The browser’s Google Play description also notes that it’s “private,” as it doesn’t ask for extra permissions or collect private data like other browsers do. This seems to indicate that it’s meant to be something of a competitor to other private mobile browsers, like Firefox, which blocks website trackers.
The browser additionally supports Private tabs, so you can browse without saving visits to your history, plus other features like tab previews, an automatic full-screen mode and integrated news reader of sorts.
In fact, the news reading experience is another telling indication that the browser is only meant for Indian users. The app’s description notes the browser homepage is designed to keep you up-to-date with news, cricket and entertainment from top sources. Yep, cricket — the most popular sport in India.
And finally, the “feedback” email on Google Play points to Amazon India, which indicates it was built by that team.
In addition to the new browser, Amazon also offers a Kindle Lite app in India.
The company is not alone in building lightweight mobile apps for emerging markets.

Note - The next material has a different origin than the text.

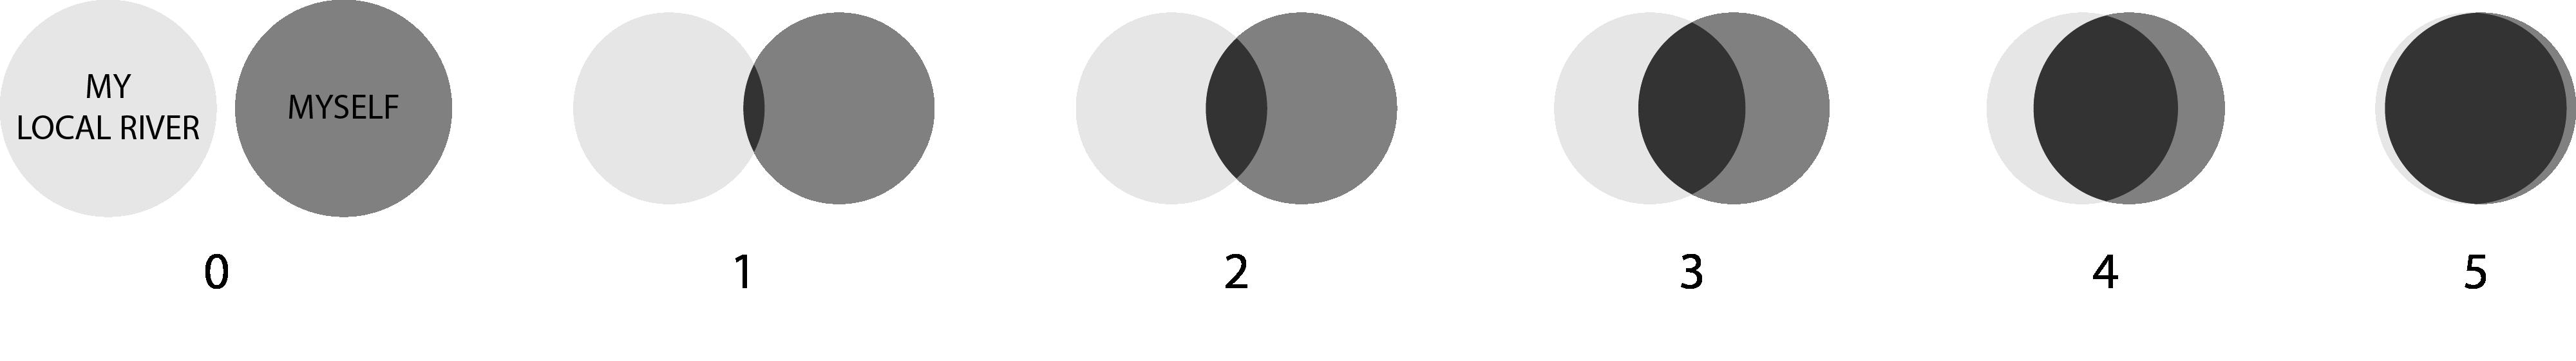 Two circles representing

Facebook also offers “lite” versions of its apps, like Facebook Lite and Messenger Lite, to reach users with limited connectivity and access to data. Google has also rolled out a suite of lightweight mobile apps under the “Go” branding. Some of these, like Gmail Go, only come pre-installed on select devices. Others, meanwhile, are available through Google Play for anyone to download, like YouTube Go, Files Go, Google Go, Google Maps and Google Assistant Go.
It is interesting, however, that Amazon didn’t adopt a similar strategy by offering a “lite” version of its existing Silk browser, but has instead built something new.
Amazon has not yet returned a request for comment about the new app.